Thermalization of oscillator chains with onsite anharmonicity and comparison with kinetic theory

TL;DR

This study uses molecular dynamics simulations to analyze how oscillator chains with onsite anharmonicity relax to equilibrium, comparing results with kinetic theory and revealing insights into energy and phonon density conservation.

Contribution

It provides a detailed comparison between microscopic simulations and Boltzmann-Peierls kinetic theory for anharmonic chains, highlighting quasi-conservation phenomena.

Findings

Quantitative agreement between simulations and kinetic theory after initial transient

Observation of quasi-conservation of phonon density during early relaxation

Evidence of density relaxation to canonical ensemble over long times

Abstract

We perform microscopic molecular dynamics simulations of particle chains with an onsite anharmonicity to study relaxation of spatially homogeneous states to equilibrium, and directly compare the simulations with the corresponding Boltzmann-Peierls kinetic theory.

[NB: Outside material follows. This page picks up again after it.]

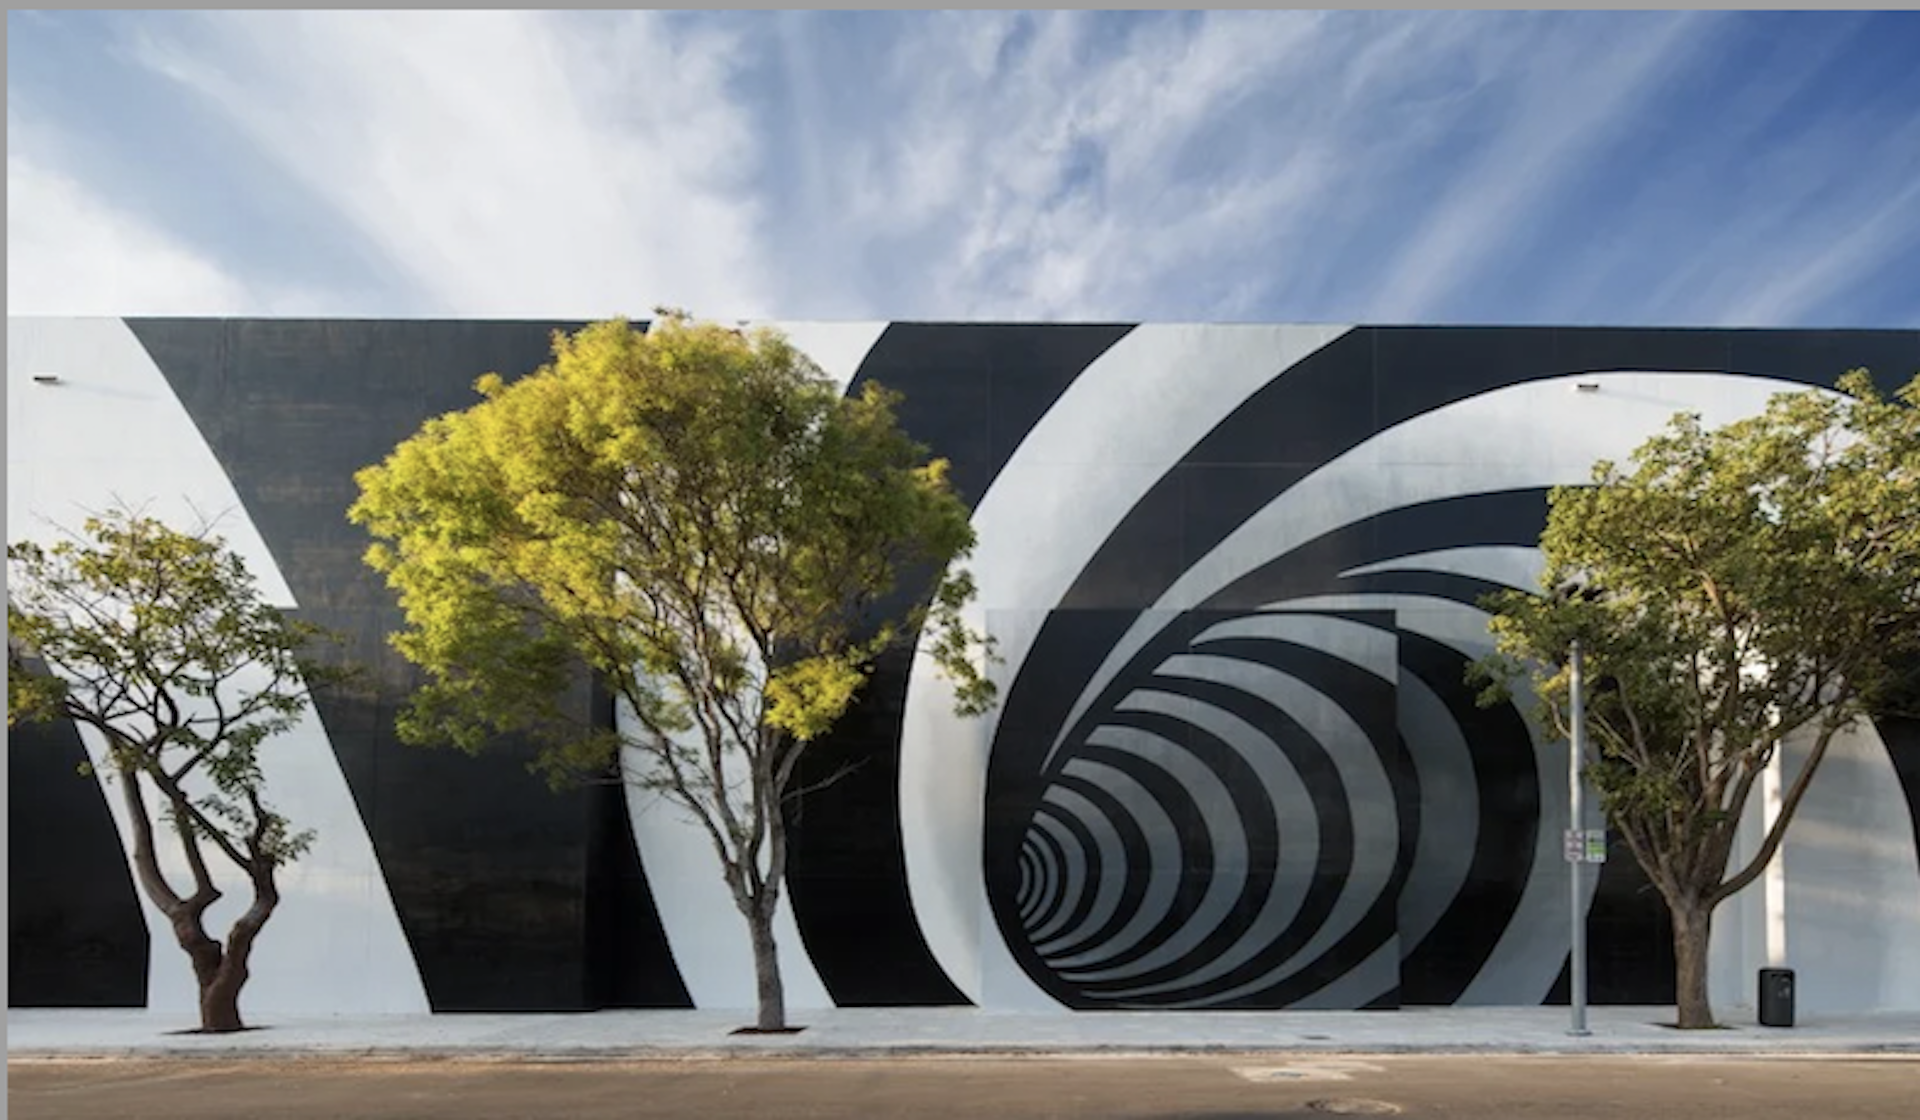 Public Art Tour in the Miami Design District - Luxury Guide USA

The Wigner function serves as common interface between the microscopic and kinetic level. We demonstrate quantitative agreement after an initial transient time interval. In particular, besides energy conservation, we observe the additional quasi-conservation of the phonon density, defined via an ensemble average of the related microscopic field variables and exactly conserved by the kinetic equations. On super-kinetic time scales, density quasi-conservation is lost while energy remains conserved, and we find evidence for eventual relaxation of the density to its canonical ensemble value. However, the precise mechanism remains unknown and is not captured by the Boltzmann-Peierls equations.